Let $A$ denote the set of all holomorphic functions $f(z)$ on the open unit disk $D=\lbrace |z|<1 \rbrace$ such that $f(0)=1$ and $\text{Re }f>0$. Show that if $F \in A$, then it satisifies the inequality
$$\frac{1-|z|}{1+|z|} \leq |f(z)| \leq \frac{1+|z|}{1-|z|} $$
I am not sure how to prove this inequality. I know that the mapping from the unit disk to the right half plane is given by $\frac{1+z}{1-z}$, so I think that is where the upper bound comes from, although I am not sure how to prove that this is the tightest upper bound and I don't know how to get the lower bound.
Agree with @Martin R. Since your question only involves $\left|f\right|$, it could observe some simplification.
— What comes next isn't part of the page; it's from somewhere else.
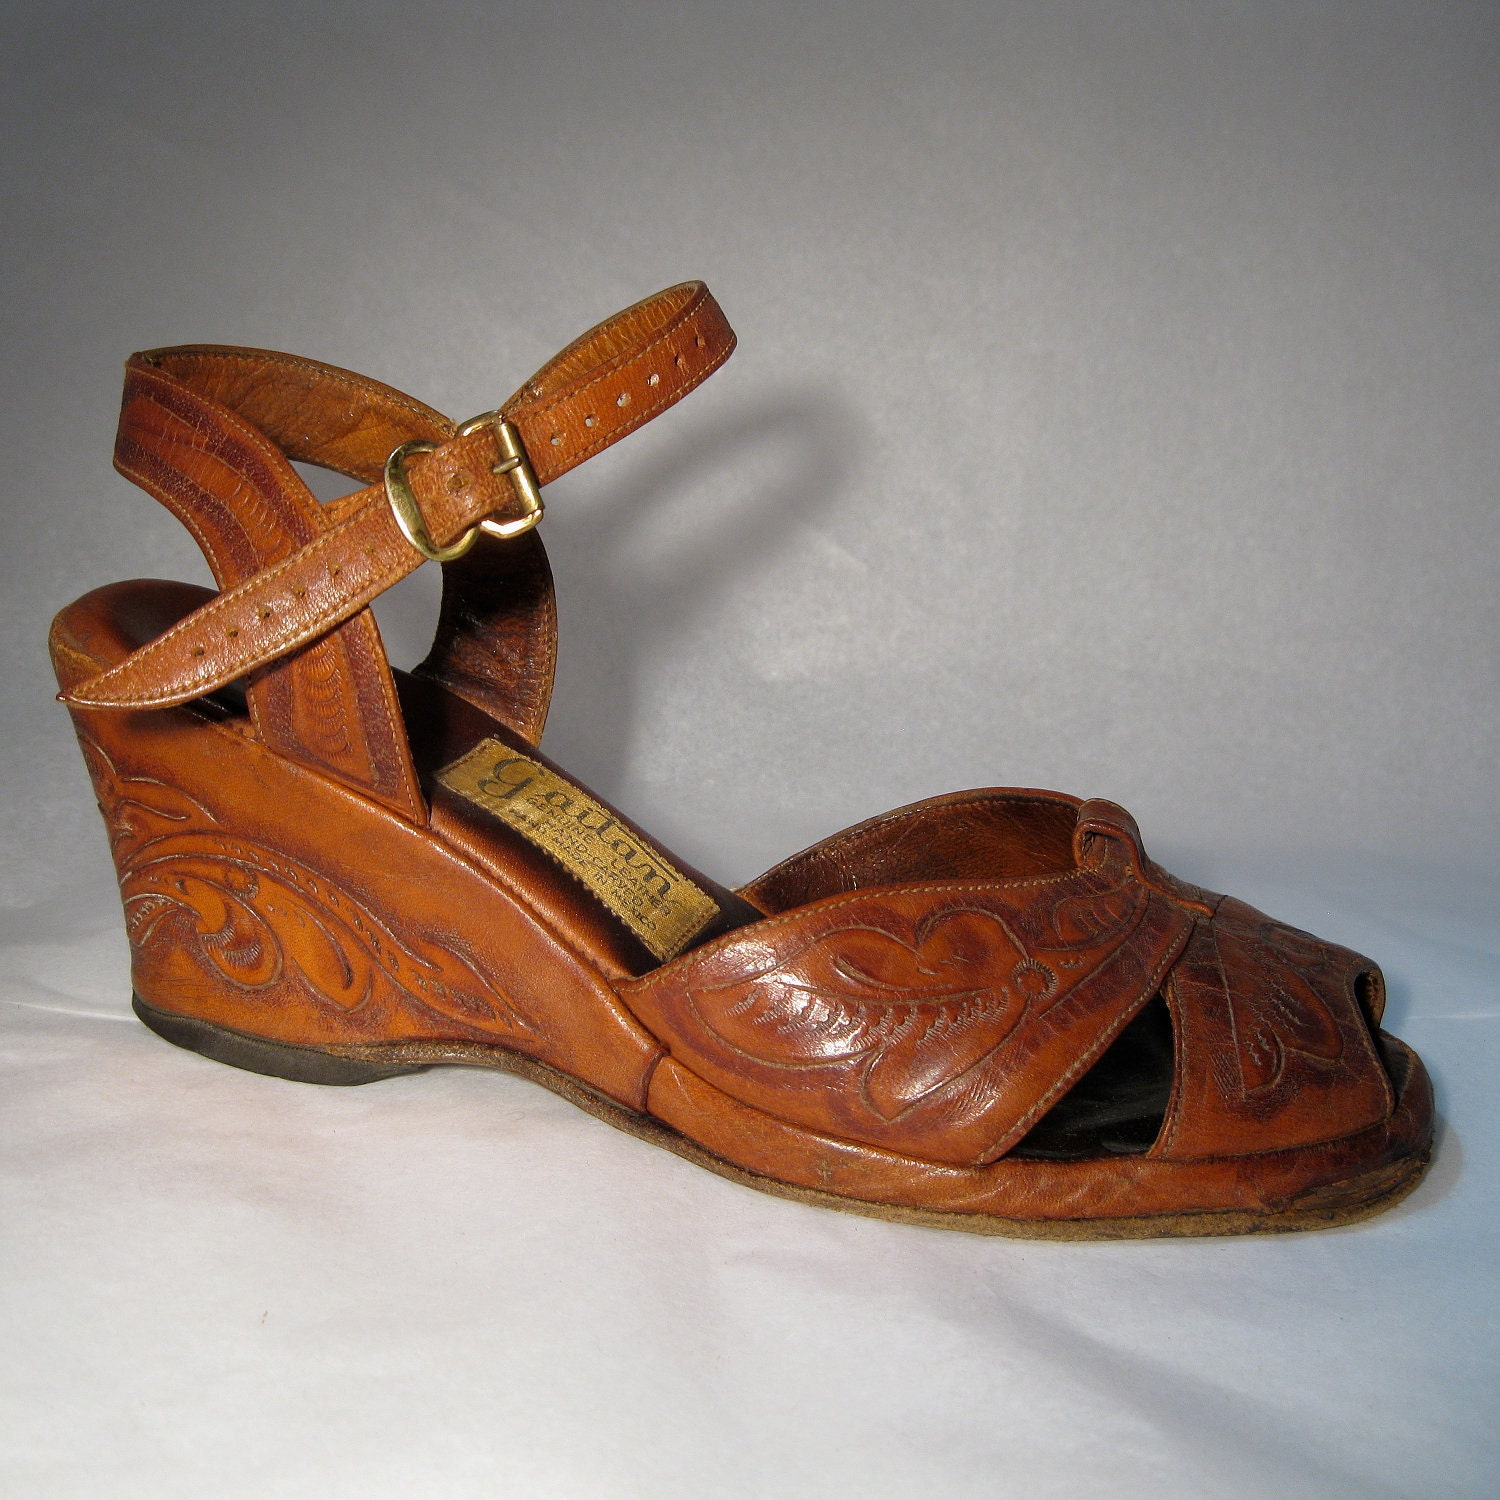 Vintage 1940s Wedge Shoes Handtooled Leather by AlexSandras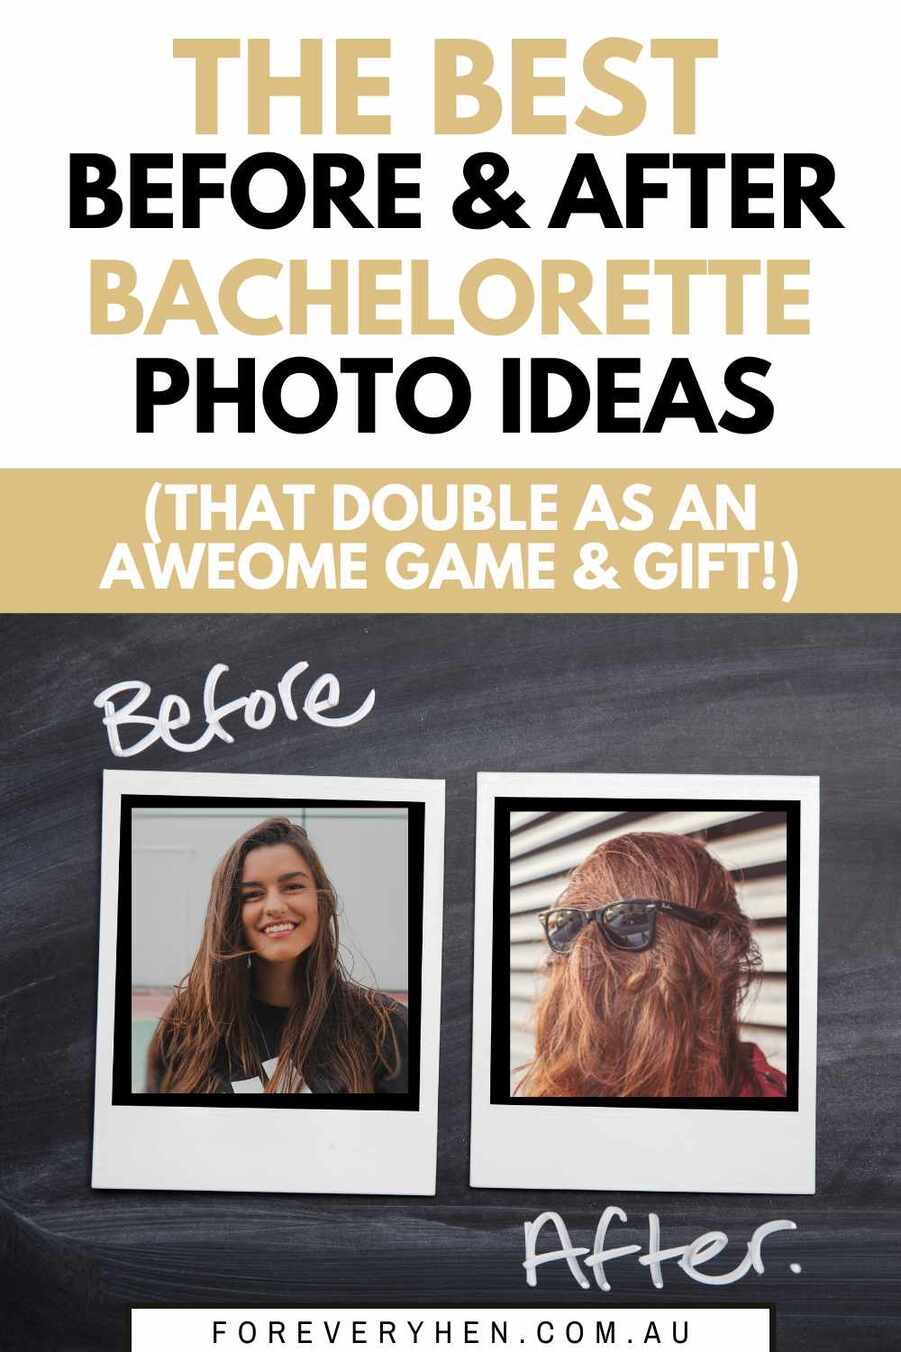 Before image of a woman smiling next to an 'after' image of a woman with her hair covering her face and wearing sunglasses over the top. Text overlay: the best before & after bachelorette photo ideas (that double as an awesome gift!)

Let $\mathbb{D}$ be the unit disk, $\mathbb{H}$ be the right-half plane. Define \begin{align} \Phi:\mathbb{H}\to\mathbb{D},&&z\mapsto\frac{z-1}{z+1}. \end{align} Obviously, $\Phi(1)=0$. Therefore, \begin{align} \Phi\circ f:\mathbb{D}\to\mathbb{D},&&0\mapsto 0. \end{align} Thanks to this fact, Schwarz lemma applies, i.e., $$ \left|\Phi\circ f(z)\right|\le\left|z\right| $$ holds for all $z\in\mathbb{D}$. The above inequality is exactly $$ \left|\frac{f(z)-1}{f(z)+1}\right|\le\left|z\right|\iff\left|f(z)-1\right|\le\left|z\right|\left|f(z)+1\right|. $$ The rest of your task is to play with this last inequality. For one thing, $$ \left|f\right|-1\le\left|f-1\right|\le\left|z\right|\left|f+1\right|\le\left|z\right|\left(\left|f\right|+1\right), $$ which yields $$ \left|f\right|\le\frac{1+\left|z\right|}{1-\left|z\right|}. $$ For another, $$ 1-\left|f\right|\le\left|f-1\right|\le\left|z\right|\left|f+1\right|\le\left|z\right|\left(\left|f\right|+1\right), $$ which leads to $$ \left|f\right|\ge\frac{1-\left|z\right|}{1+\left|z\right|}. $$ These are exactly what you want.